Custom model and data for DeepSpeed-Chat training

This article will demonstrate how to use pre-trained models other than facebook opt in the DS-Chat code, and how to prepare and use custom data for model training in order to train large-scale models for specific domains or applications.

Video address: DeepSpeed-Chat uses its own model and data training ChatGPT model_哔哩哔哩_bilibili

The main contents of this chapter include the following points:

  • Introduction to experiment settings: We will introduce the settings of this experiment, and introduce the reasons for this choice, hoping to provide you with a reference for AI technology learning.

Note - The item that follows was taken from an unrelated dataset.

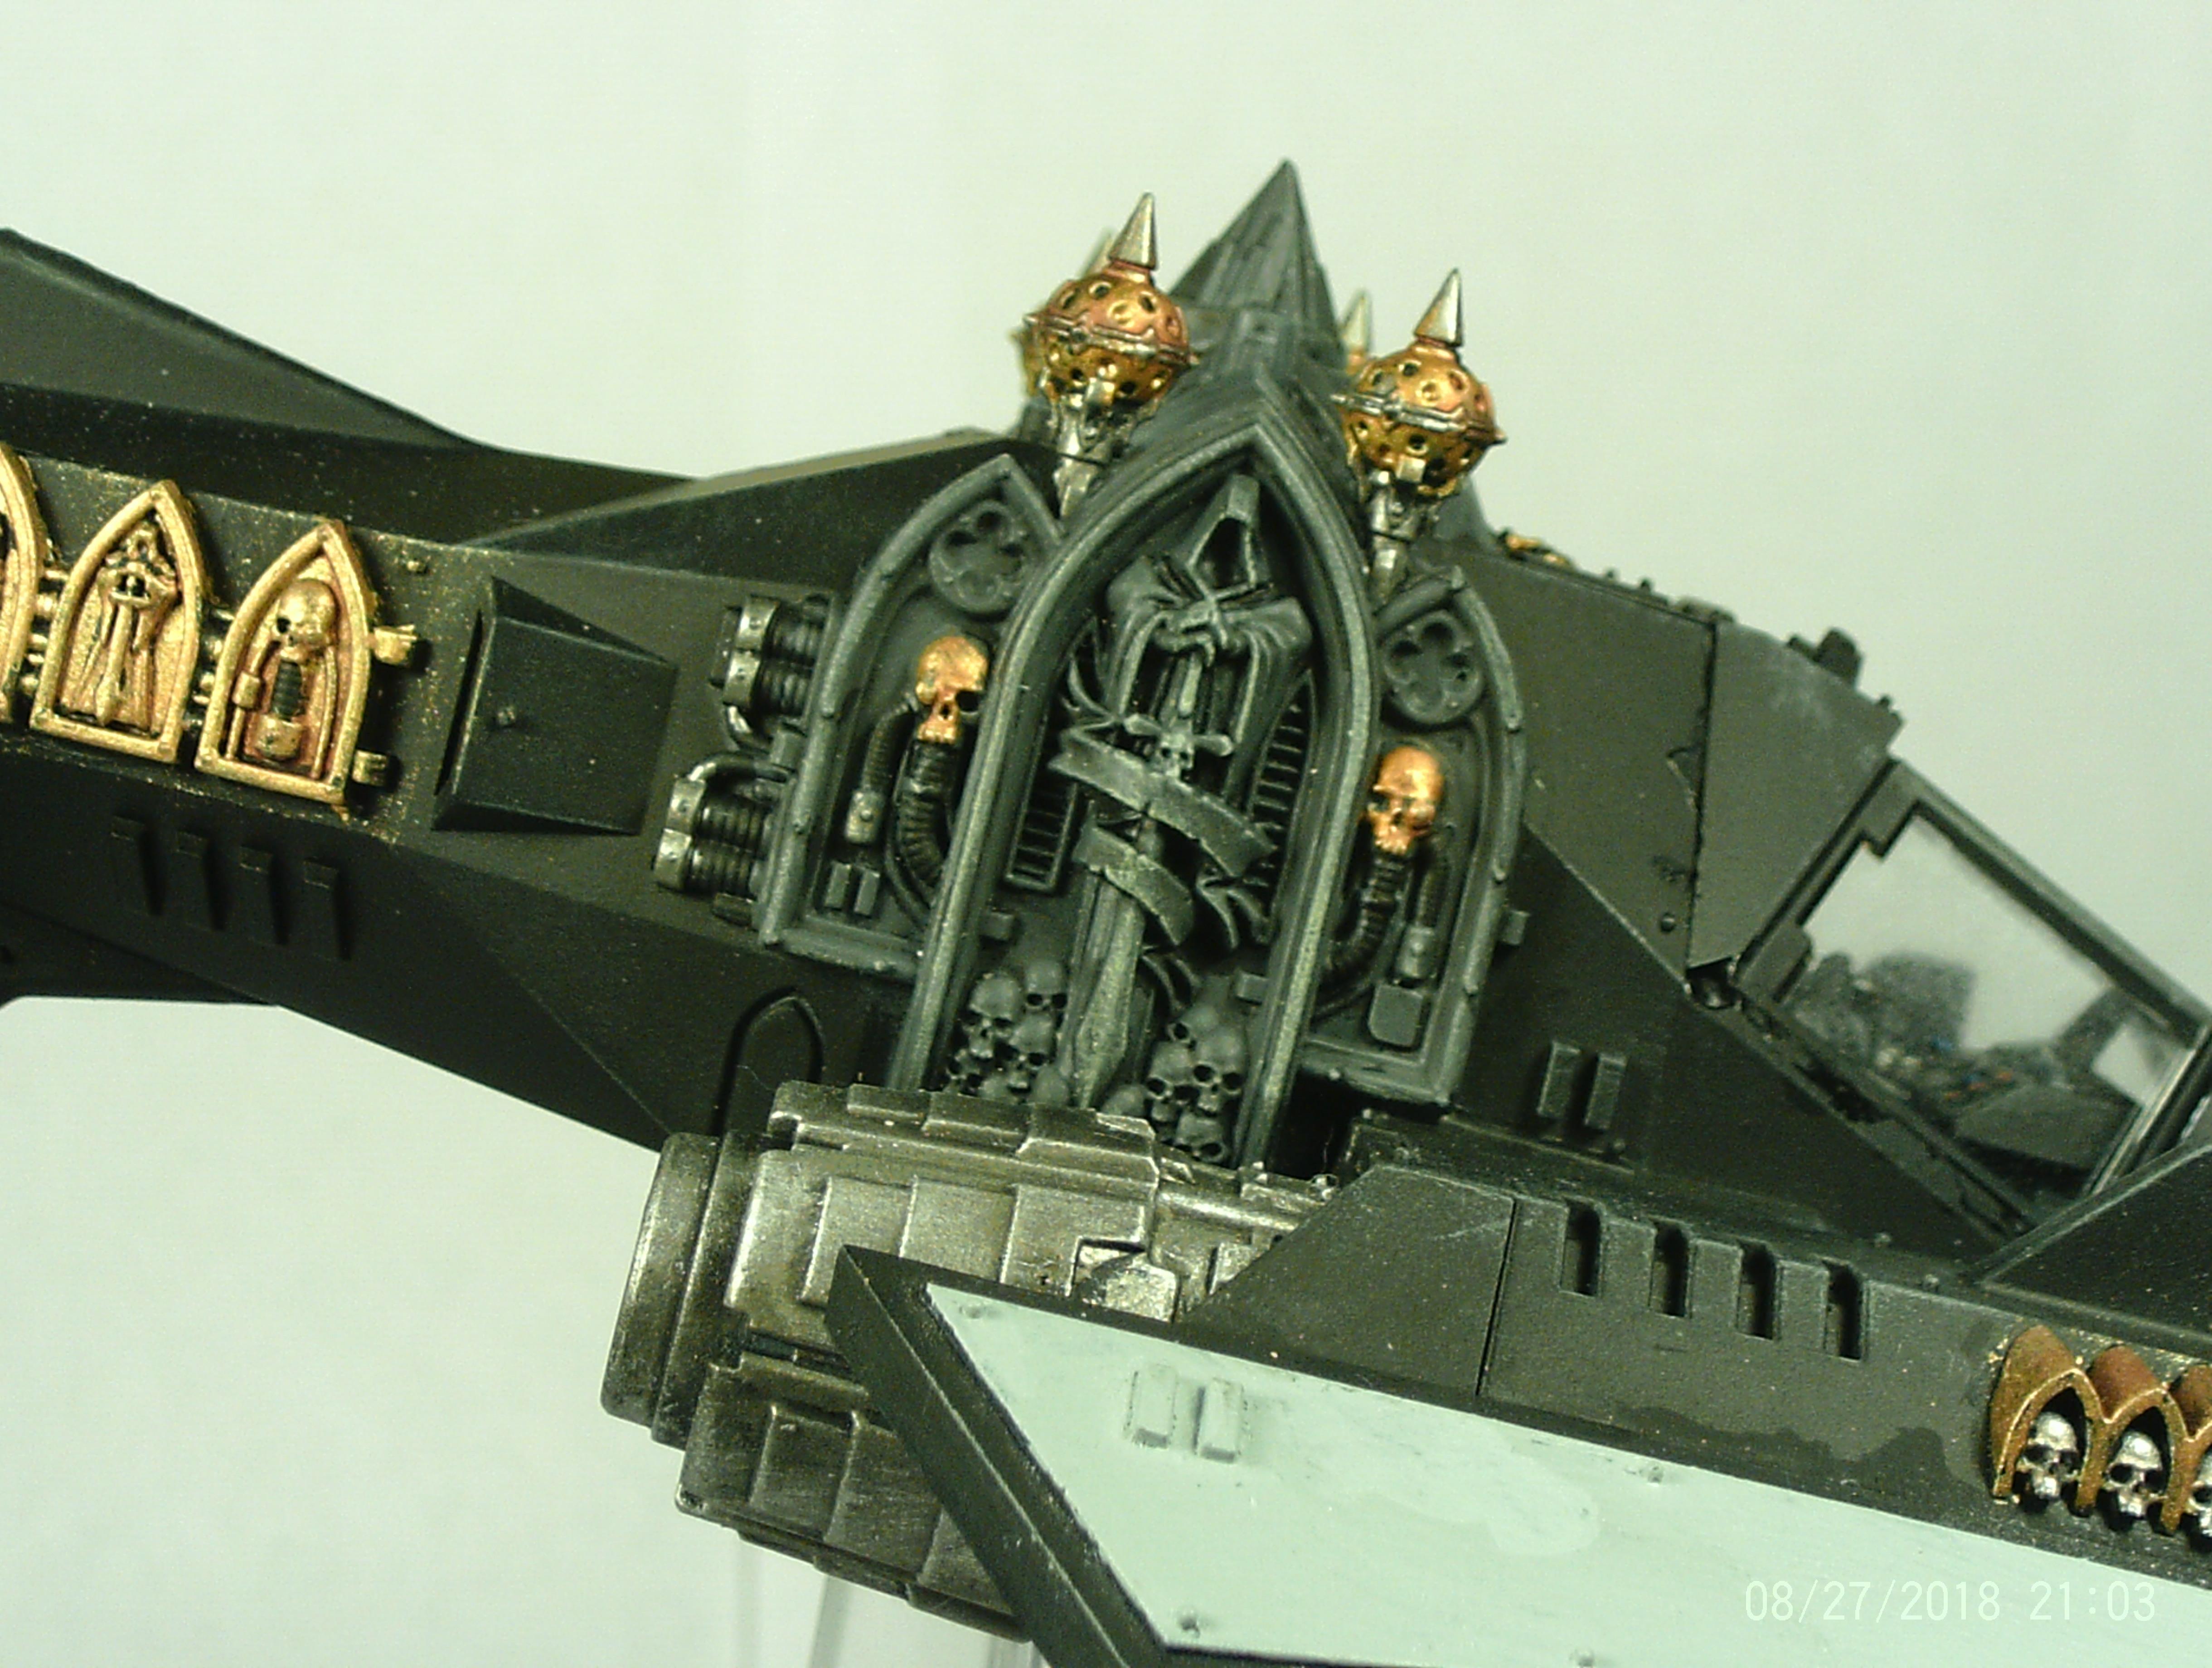 Angel, Bomber, Dark, Flyer, Plane, Ravenwing, Space, Space Marines, Stasis, Talon

  • How to replace the model: We will introduce how to replace the pre-trained model used in DS-Chat and how to integrate your own pre-trained model into DS-Chat.

  • How to prepare data and replace data: We will introduce how to prepare your own data set, including the data format required for model training, data format conversion, etc. And how to use your own data set in DS-Chat model training.

I hope the above content can help you better understand how to use different models and data sets in DS-Chat, so as to train a large-scale model that is more suitable for your specific application scenarios.

Now, many models and public data in the NLP field can be found on Huggingface, and the DS-Chat tool also uses models and data from Huggingface. Therefore, the content of this chapter is mainly based on the model and data of Huggingface.

1 Experimental setup: model and data

【Watch the video explanation】

The experiments in this chapter are mainly set up with reference to LLMZoo.
GitHub - FreedomIntelligence/LLMZoo: ⚡LLM Zoo is a project that provides data, models, and evaluation benchmark for large language models.⚡

1.1 Why choose this model?

There are two main reasons for choosing this model:

  • The model and data are both public and relevant articles are available for reference.
  • This model (Phoenix-inst-chat-7b) performs very well on Chinese data.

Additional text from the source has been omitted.